Dear Reader,
Since I don’t climb the hill to tap or check for squirrel chew I am free to follow impulses. On a recent cold day I snowshoed in the Old Bush, visiting my favorite places. The Old Bush is the terrain directly uphill from the sugarhouse; it’s the original 40 acres.

At once I think of Eric Newby’s travel writing classic from 1958, A Short Walk in the Hindu Kush, which I first read at about the same time we first tapped the Old Bush. Newby recounts in typically British understatement a trip he and a friend embarked on in the mountains of pre-Soviet-invasion Afghanistan. I can’t reconcile my joy in reading his hilarious account of their misadventures with my distress in thinking of Afghanistan’s plight today. I do appreciate good writing wherever I find it – and Newby’s endures.

From the sugarhouse I start up Dome Road, a backwards-C-shaped woods road that steeply wraps around the hill past Porcupine Ledge and The Hemlock Forest to Dome Site, the only patch of level ground in the Old Bush.

Dome Site is named for the modified geodesic dome that Chief of Operations, inspired by Buckminster Fuller, designed in the ’70’s and planned to build here. (The working model of this dream house hangs in the sugarhouse.) In 1980 we clear-cut this site, sparing the maples. I recall a forester exclaiming that we may have sunburned those trees. Happily, they adapted and grew. From Dome Site you look across the Stowe valley to the the Worcester Mountain range. Directly below are patches of field and a hint of Nebraska Valley Road.

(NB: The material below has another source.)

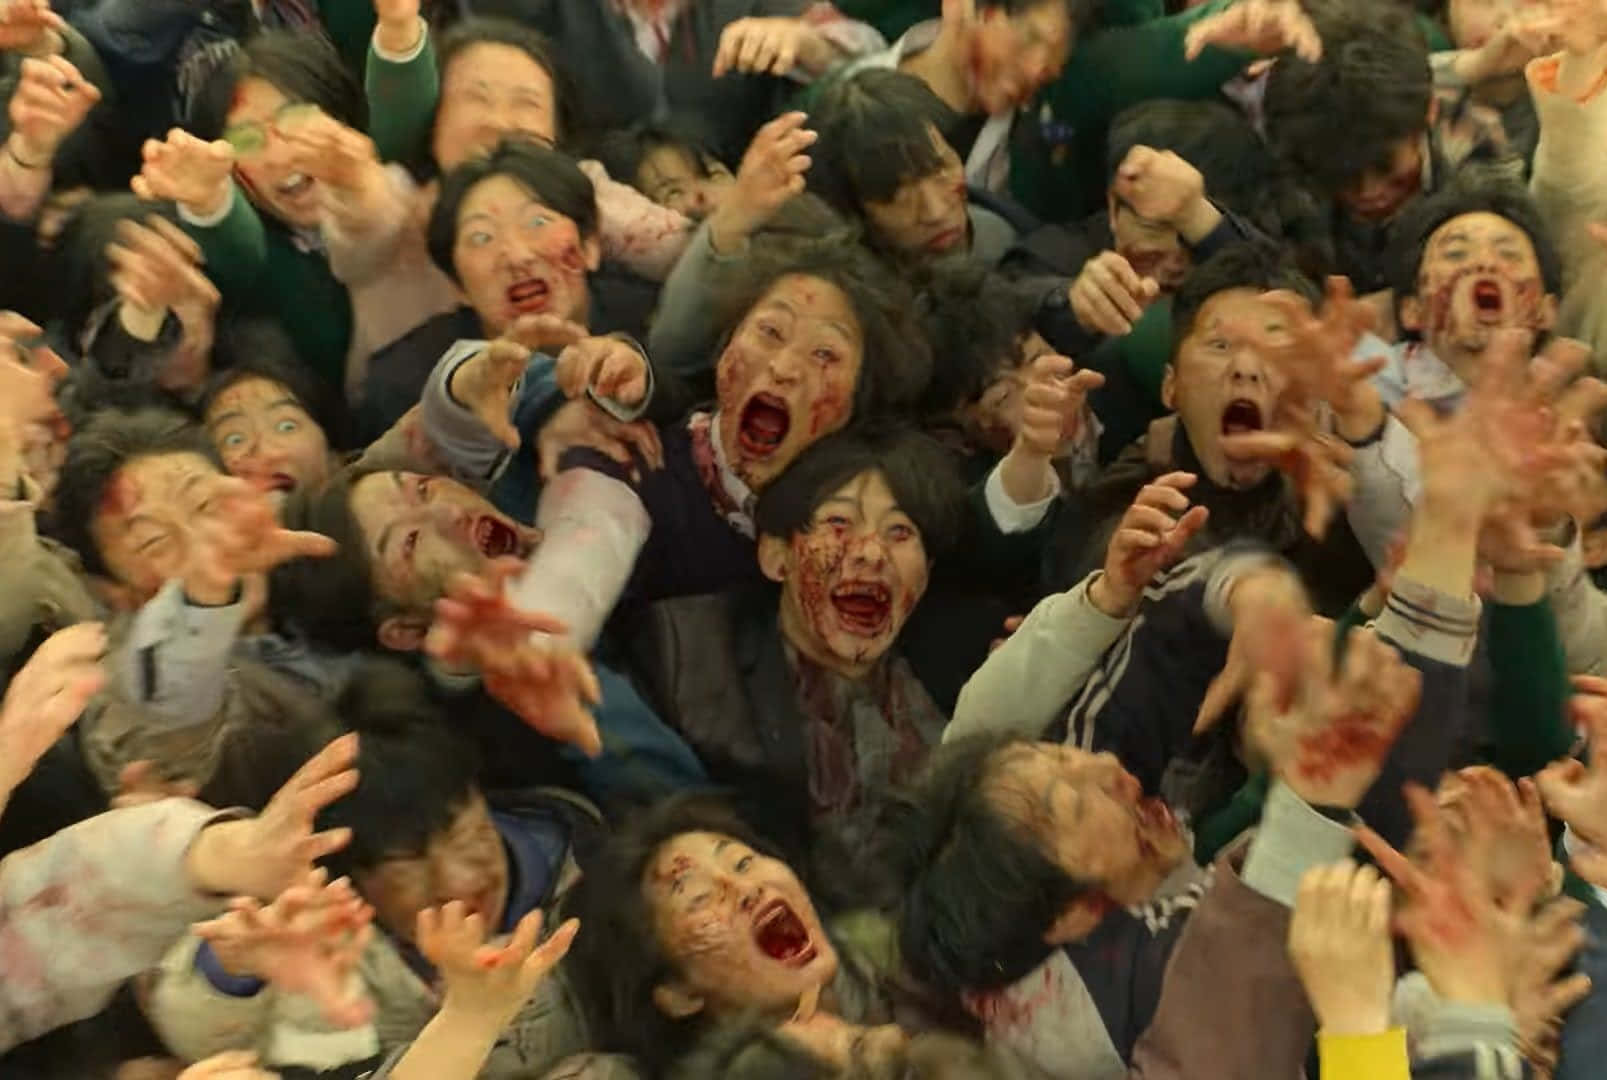 A Group Of People With Blood On Their Faces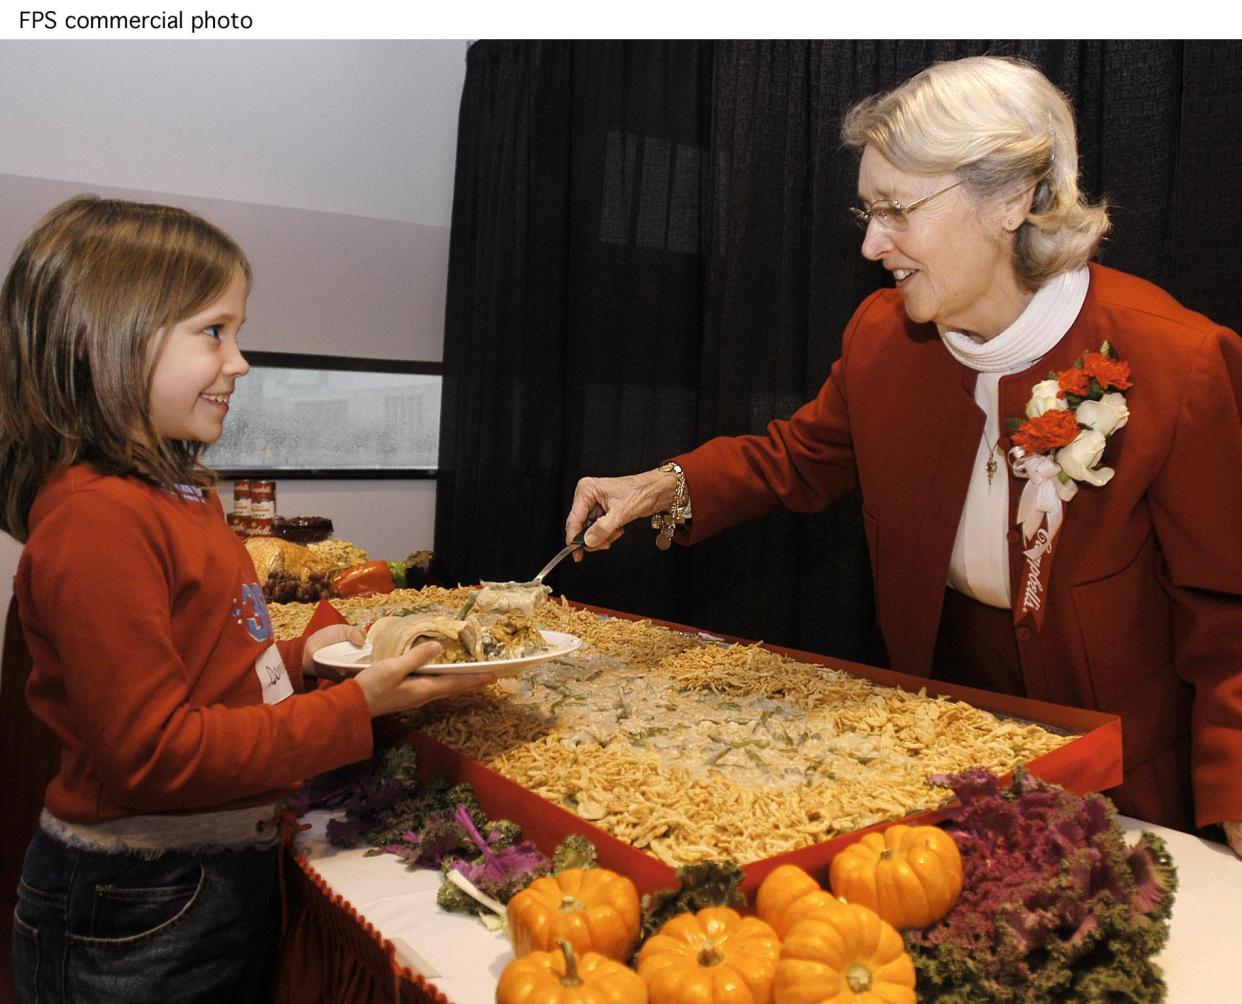 Dorcas Reilly, right, inventor of the Campbell's Soup Green Bean casserole serves a helping of the casserole to Dominique Cupp, 8, from Roosevelt Elementary School in Hubbard, OH, at the National Inventors Hall of Fame in Akron, OH, Tuesday, Nov. 19, 2002. The original recipe of the casserole was donated to the Hall of Fame archives by Reilly, former manager of Campbell's kitchens. The caserole has become a favorite during the holiday season alongside the turkey in over 20 million homes. (Feature PhotoService)

I’m on Nebraska Knoll proper, but as it is set into the ridge, it’s not the top: I’ve just begun to climb. Shortly, Dome Road joins Sugar Road at a clump of hemlocks. Here you turn the terrain page: steeply down to the left murmurs Falls Brook.

I swing right under a main line and angle up to a lane between ledge outcroppings and a ledgy mound where a sole hemlock grows. Under the snow is a campfire ring I built with young children in the early ’80’s when a neighbor Mary Batchelder and I ran a day camp. Mary spun stories from the summer air. We built our own miniature dome by lashing together branches we pulled off the forest floor. Its remnants decay under the snow. There’s comfort in this lane but no view.

Turning left and climbing for a few yards, the view blossoms at The Plaza. At last I feel on top. Off to the north Nebraska Valley narrows down to its notch. Across the valley is Skytop Ridge. Sylvia Plath’s poem “Above the Oxbow” comes to mind. “To people who live in the bottom of valleys, a rise in the landscape, hummock or hogback, looks to be made for climbing….”

When you’re tapping, the lines shape your perception of the terrain. Drill in hand, I may not have noticed The Plaza as I traveled from tree to tree along the tap lines. The maples grow sparsely here. Saplings have grown thicker since Chief of Operations christened this knobby lookout. Still, it’s a place inviting rest, a place to bench my fidgety thoughts.

Shall I turn down toward Maresan, the area most hidden from the sugarhouse, blessed with deep soil, named in part for Mary the storyteller, the subconscious of the Old Bush? No, I’ll stay high.

I cross a patch where no trees grow, skirt a low ledge, and here is The Gulch. It’s more a tongue, curling at the edges the way a tongue can when you stick it out. As wide as five sturdy maples spread comfortably, it’s bordered by ledge on my side and sloping hill on the other. I worry about the maples here and I’m not sure why. They are not experiencing more dieback than other regions. They seem neglected, but how ridiculous. If anything, they are sheltered from the wind.

Wouldn’t this be just the place to lie down and read a book, I think. Next to my childhood home a patch of shade under a maple tree elicited the same fantasy. One summer I laid a blanket there and settled myself down with a book, but after ten minutes I needed to move – to run, skip, dig in the dirt. Nothing has changed.

Traveling gently up and out of The Gulch, the view of trees opens wide. It’s no longer the Old Bush. When I first walked into this area, I felt overwhelmed by the prospect of tapping all these trees. The majesty of the ashes impressed me, too, and still does. Unthinkably, they are doomed trees unlikely to evade the Emerald Ash Borer. But, today, here is the full forest.

I exit past The Cache, a wooden box for caching tubing and tools, and head down Sugar Road. I’m back on a work route. At Herbie’s Crossing I drop beech prayer leaves into Falls Brook and then clomp down Herbie’s Road to Base Camp, the sugarhouse.

Are these Old Bush landmarks – places on the hill where the fewest taps are – like the lesser-known w0rks of major composers or the major works of lesser-known composers? The latter, I conclude.

—APC

The blog editor breaks trail high above the Old Bush. Photo: Jan Reynolds.